Et pourquoi moi je dois parler comme toi, montage de textes d’Anouk Grinberg, mise en scène d’Alain Françon, musique de Nicolas Repac
Et pourquoi moi je dois parler comme toi, montage de textes d’Anouk Grinberg, mise en scène d’Alain Françon, musique de Nicolas Repac
La comédienne nous avait donné une première version de cet étonnant spectacle lors des Langagières 2019, au T.N.P. à Villeurbanne ( voir Le Théâtre du blog), accompagnée, comme aujourd’hui, par le compositeur Nicolas Repac. Une immersion dans la littérature dite brute comme l’art mis en lumière par le peintre Jean Dubuffet. Depuis mis en scène par Alain Françon à la Colline, le spectacle s’est étoffé d’un décor et d’une chorégraphie. Anouk Grinberg coiffée d’un chapeau est vêtue d’un costume sans âge aux allures androgynes. La force de cette performance reste les paroles des anonymes hospitalisés et enfermés dans leur folie : Babouillec, Aloïse Corbaz, Samuel Daiber, Hernst Herbeck, Jacqueline, Lotte Morin Jego Hestz, Jules Pages, Marguerite de Pillonel, Justine Python, Romain, Jeanne Tripier, Adolf Wölfli… Et subrepticement, des textes d’Henri Michaux, Robert Walser ou Emily Dickinson.
Avec sa sensibilité à fleur de mots, sur les notes discrètes du musicien, Anouk Grinberg fait entendre la colère et la douleur de ceux que l’ont dit aliénés. Elle rend inoubliable la révolte de Jeanne Tripier, enfermée douze ans à l’hospice de Maison-Blanche : « Maison barbare et par trop mortifère rien ne vaut la liberté des peuples qui s’entretuent nous sommes toutes plus ou moins mortes vivantes. Il fallait attendre la venue de Malbrough s’en va-t-en guerre mais ne sait quand il reviendra.» Ou celle de Lotte : «Il est nuisible de me séquestrer. Pourquoi des brigands transforment en prison ce que l’Etat appelle hôpital? » « Il n’avait pas le droit, on n’est pas folles », écrit Justine Python depuis Maison Blanche ». On entend aussi Aloïse Corbaz, dite Aloïse (1886-1964), hospitalisée jusqu’à sa mort pendant cinquante-sept ans, la plus célèbre des artistes d’art brut, exposée par Jean Dubuffet.
Anouk Grinberg fait parler haut la poésie avec un timbre de voix ferme aux tonalités enfantines, mais aussi la liberté paradoxale de ces «aliénés», comme l’exprime Babouillec. Cette jeune femme de trente-sept ans a été diagnostiquée « autiste très déficitaire ».«Très déclarée sans paroles. Je tue mes démons silencieux dans les tentatives singulières des sorties éphémères de ma boîte crânienne. (…) J’invite au voyage des sens interdits (…) L’écriture est mon arme secrète. J’adore appuyer sur la gâchette, balancer des munitions pour faire péter le son et me faire entendre. Je suis libre dans ma tête et ce souffle qui porte la vie, je l’ai en moi et dans le silence du fond de mon corps, je pousse ce cri. ».

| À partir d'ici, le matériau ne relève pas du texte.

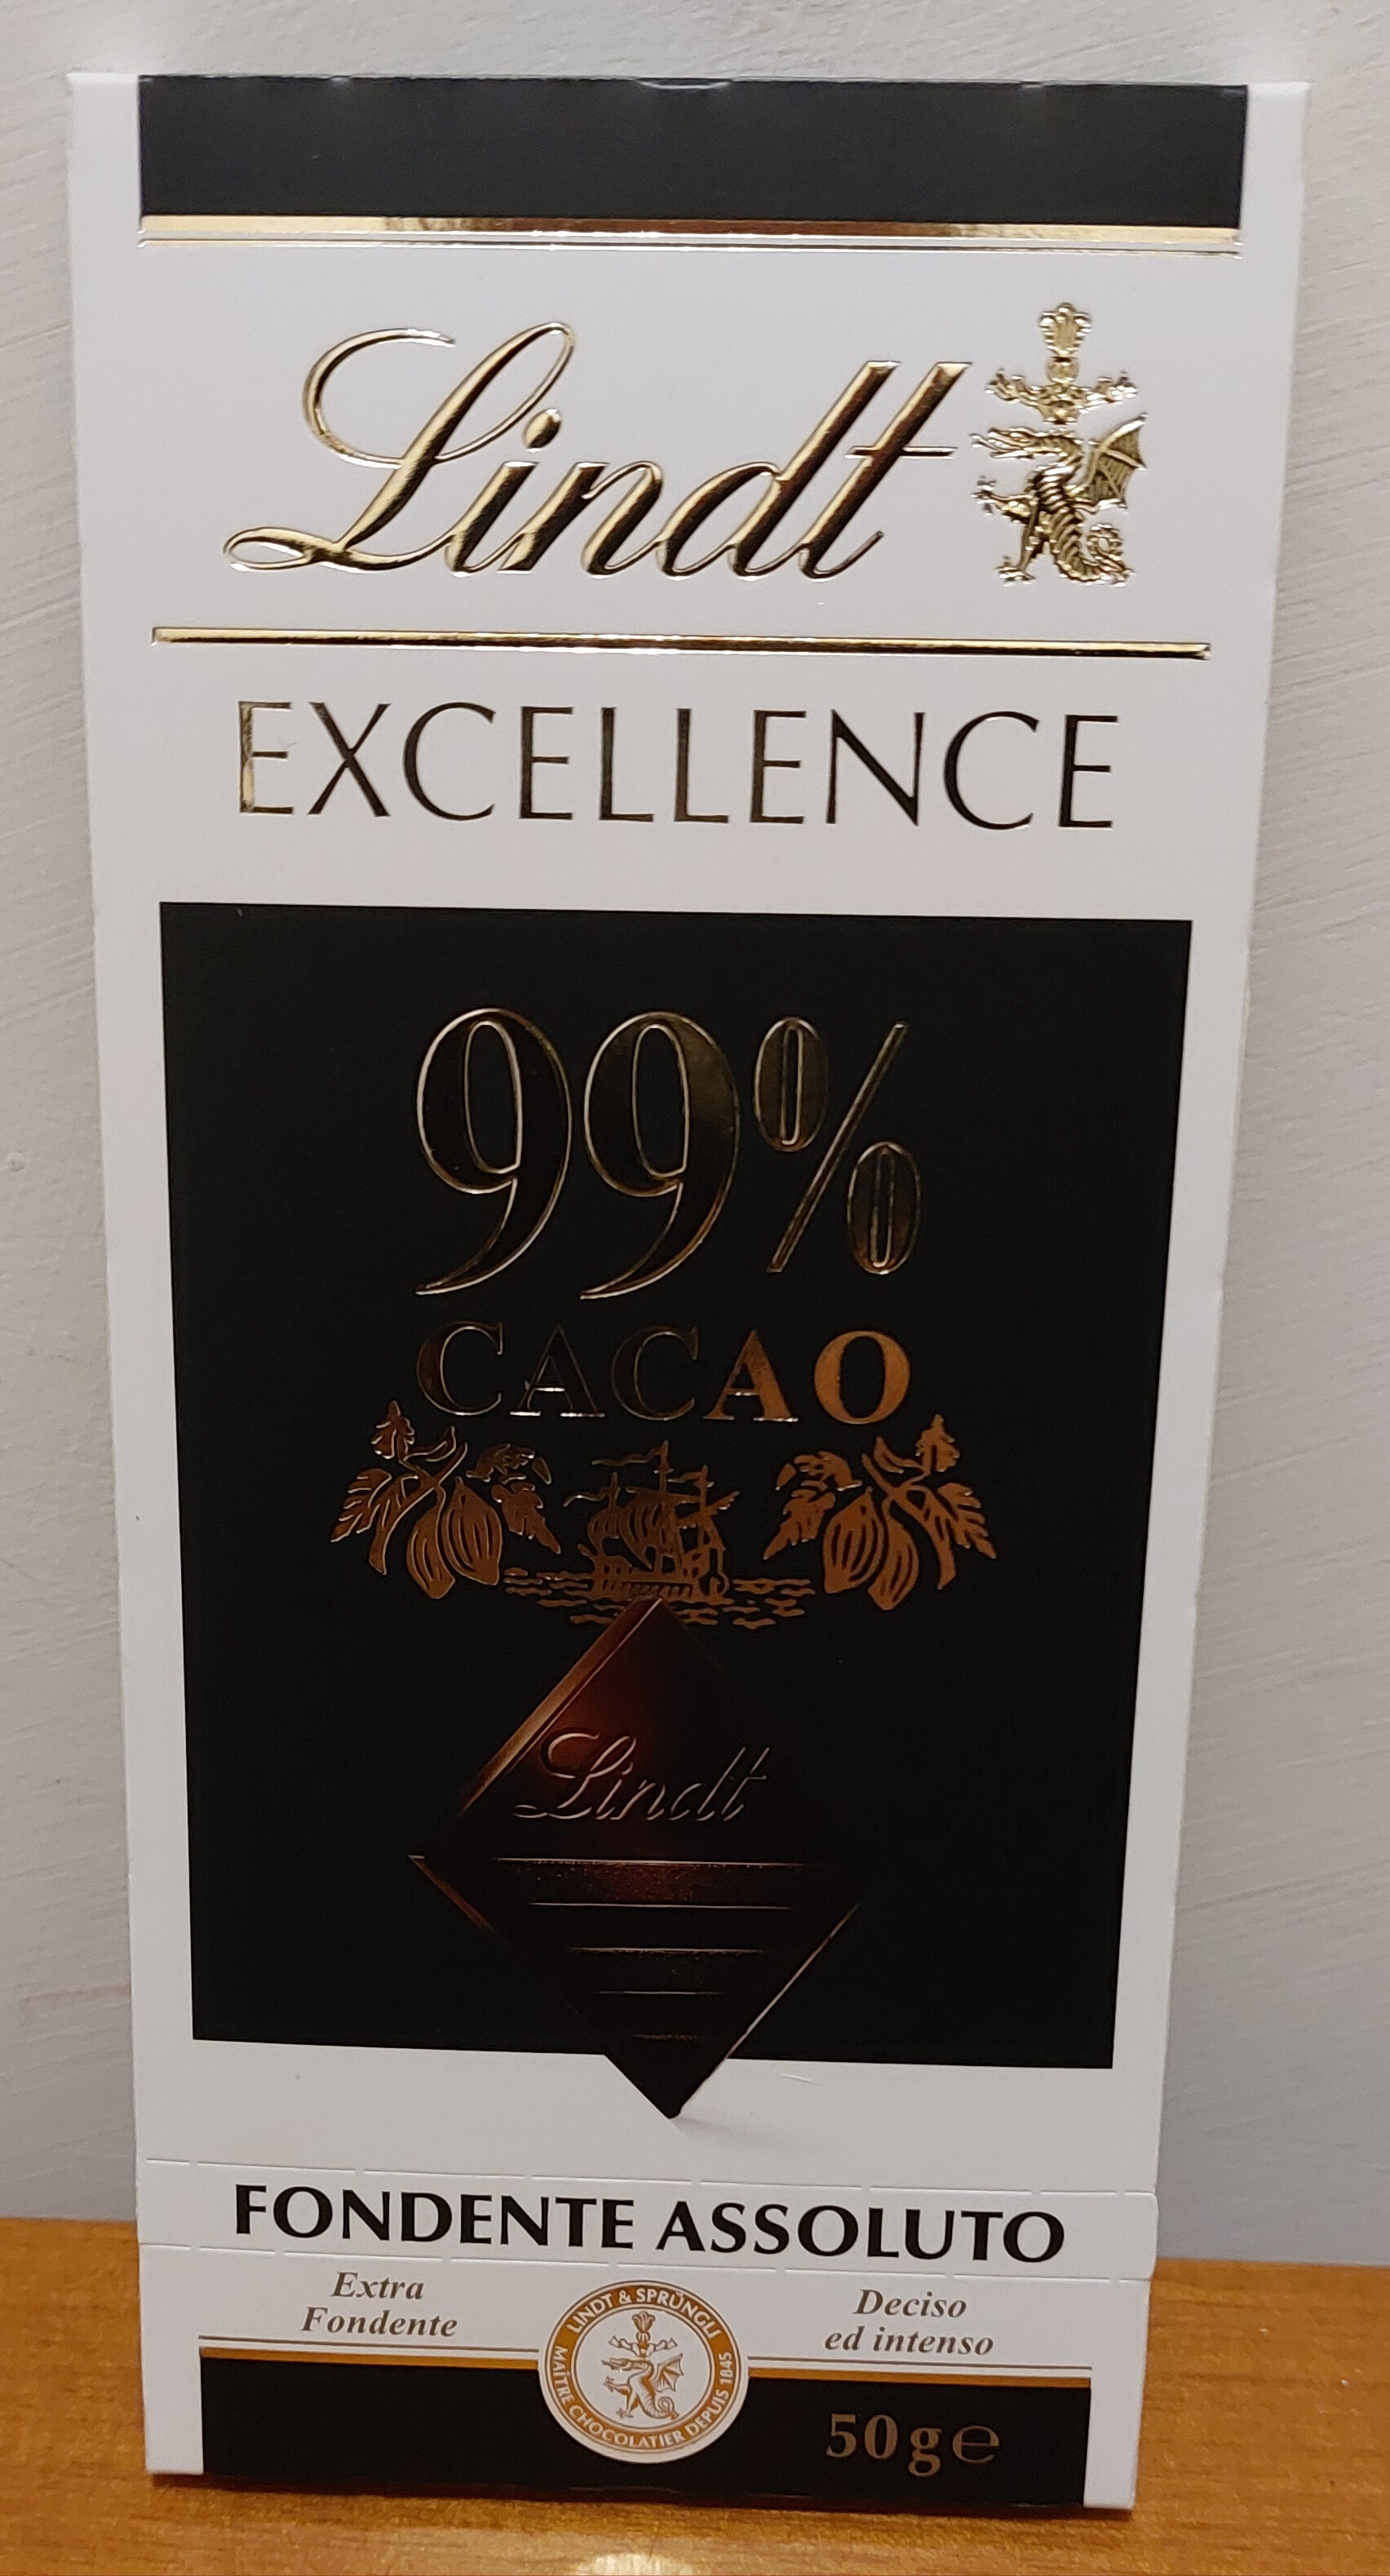 Excellence 99% Cacao Noir Absolu - Prodotto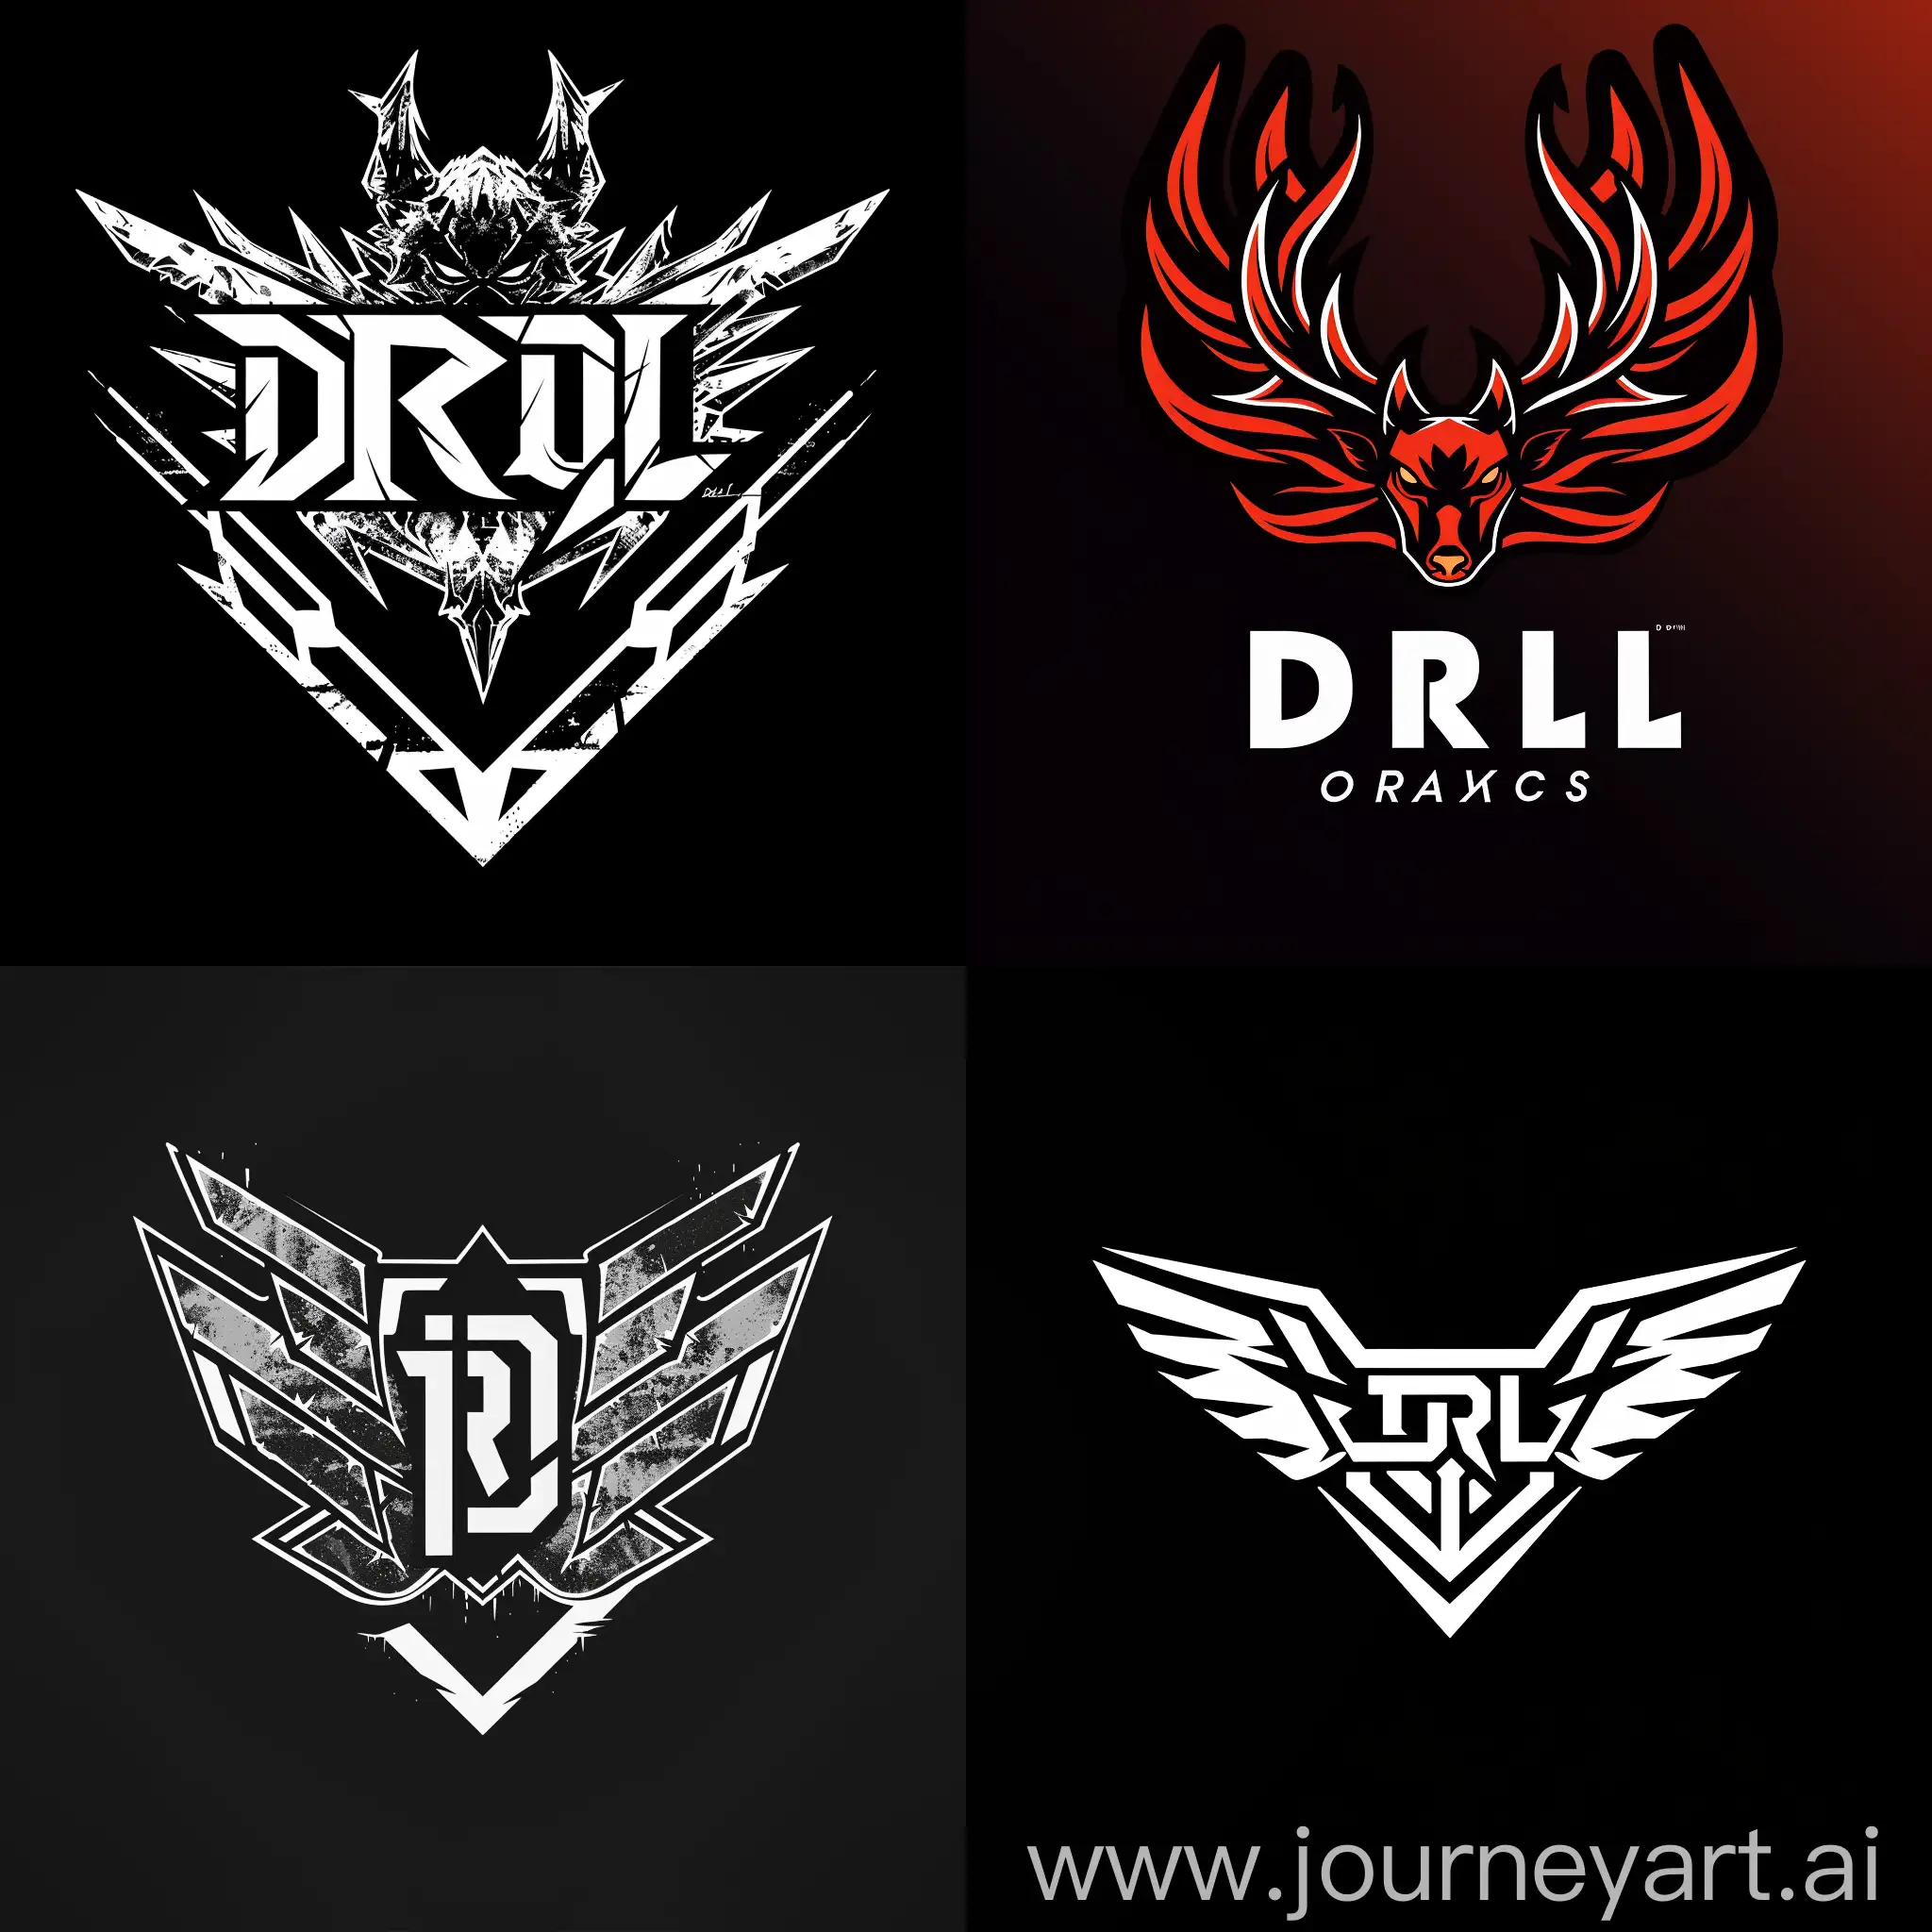 создай логотип игровой компании из символов: d r l; высокое качество; хорошая детализация; четкая прорисовка; качественное изображение.

Anouk Grinberg poursuit, avec plus de légèreté : « Lily, la roue tourne, la route s’ouvre, vivre le destin n’est pas chose facile », sur une balade à la guitare jouée par Nicolas Repac. Elle montre avec une ardeur communicative, que la différence entre ces auteurs dits « fous » et les autres, est infime comme l’écrit Jean Dubuffet : « La folie allège son homme et lui donne des ailes et aide à la voyance. (…) qui est normal? Où est-ce qu’il est, votre homme normal ? Montrez-le-nous! L’acte d’art, avec l’extrême tension qu’il implique, la haute fièvre qui l’accompagne peut-il jamais être normal ? »
Les textes recueillis par Anouk Grinberg désormais édités, sont d’une telle puissance qu’ils auraient pu se passer d’une mise en scène superfétatoire et d’un jeu parfois trop forcé. Reste la justesse et l’engagement des interprètes, leur belle complicité… Le spectacle devrait gagner en nuance au fil des représentations.
Mireille Davidovici
Jusqu’au 16 octobre,Théâtre de la Colline, 15 rue Malte-Brun, Paris (XX ème). T. : 01 44 62 52 52.